For a second she thinks of the house in Carthage – not of the examination and medical rooms, but the cell, and her own voice howling loud enough to drown the echoes of those same howls.

“Haven’t you studied
enough?

“No.” Familiar arrogance in his expression – not only for her, now, but for a young man suddenly at his side, walking up past a group of advisers that (she sees) contains both the doctor Annibale Valzacchi and his brother Gianpaulo: Agnus Dei.

“Sisnandus,” Leofric said mildly, under the plainsong of the funeral masses.

Ash recognises him now as one of the faces around the table on the cloth of gold. A thin young man, battle-hardened, with Leofric’s mouth; nothing else to mark him as the ex-commander of House Leofric except the livery.

“House Leofric’s and House Lebrija’s messengers have left for the capital,” he reported.

Be polite: this is one Leofric’s grooming for power, or he wouldn’t have had Sisnandus take over when he was feigning madness.

Assuming Sisnandus realises it was put on.

Ash could not tell from his surprisingly active expression whether he resented his lord-
amir
’s return to health and his own consequent demotion from commanding House Leofric, or whether being deputised to control the House while Leofric handles the duties of King-Caliph contents him.

Politics: all politics.
She caught the eye of a man directly behind Sisnandus, in his escort. The man looked away. Guillaume Arnisout: too ashamed to approach her after his failure to follow her back into Dijon.
And I shall talk to him too, in the next day or so.

“An alliance for the Spring campaign.” Leofric breathed warm whiteness on to the air, his gaze on the golems now loading the dead into the ground. “I might persuade the French to it. And might you bring the Turks in, as similar temporary allies? The treaty awaits only the Duchess’s signature.”

The morning of the third day of January dawned clear, very cold; the winter earth iron-hard enough that a horse should not be risked at anything more than a walk.

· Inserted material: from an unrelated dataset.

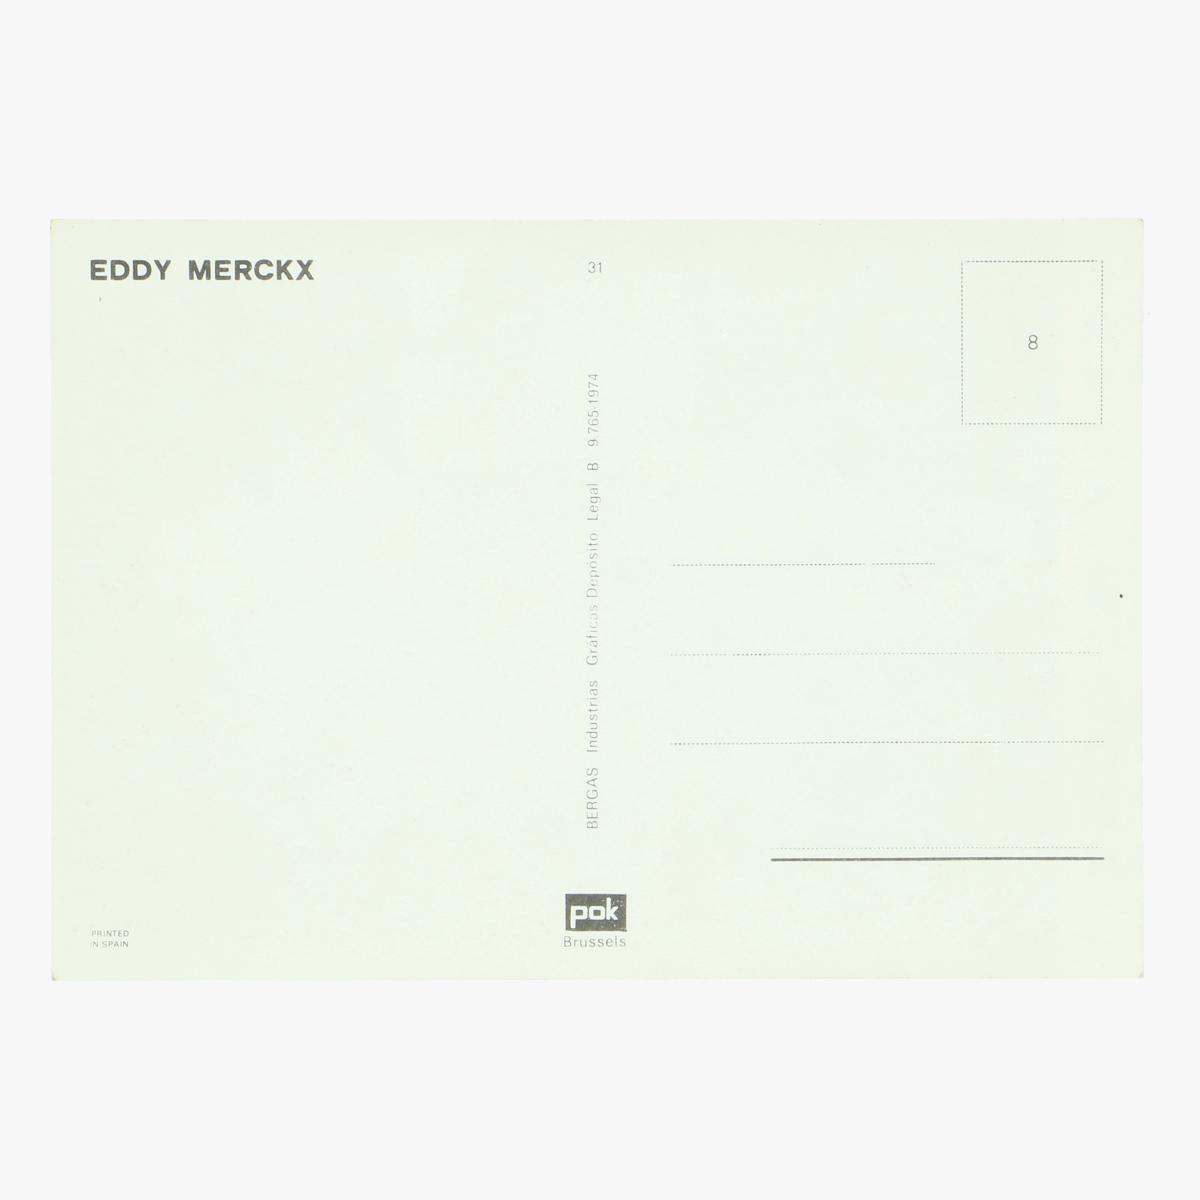 Afbeeldingen van oude postkaart eddy merckx

“Do you need to take so many of the fit men to ride out and bring Duchess Floria back?” Olivier de la Marche questioned.

Ash, on a borrowed Visigoth mare, grinned down at him from her war saddle. “Yup,” she said cheerfully.

“You are taking the better part of three hundred men. To meet Bajezet’s five hundred mounted Janissaries.”

Ash glanced back at the hundred and ten men under the Lion Azure standard, and Lacombe’s Burgundians. “We don’t know that Bajezet’s Turks won’t turn round and ride straight back to Mehmet. I’m paranoid. Peace has broken out – but I’m still paranoid. Look at it out there. No food. Dark, over the border. Breakdown of law. It’s going to be years before this country’s quiet. How would you feel if I lost her to some roaming gang of bandits?”

The big Burgundian nodded. “I grant you that.”

Over these four days, dozens of men and women from nearby burned villages and towns have trickled in to Dijon; as the news spreads out across the countryside. Some from caves in the limestone rocks, some from the wildwood; all hungry, far from all honest.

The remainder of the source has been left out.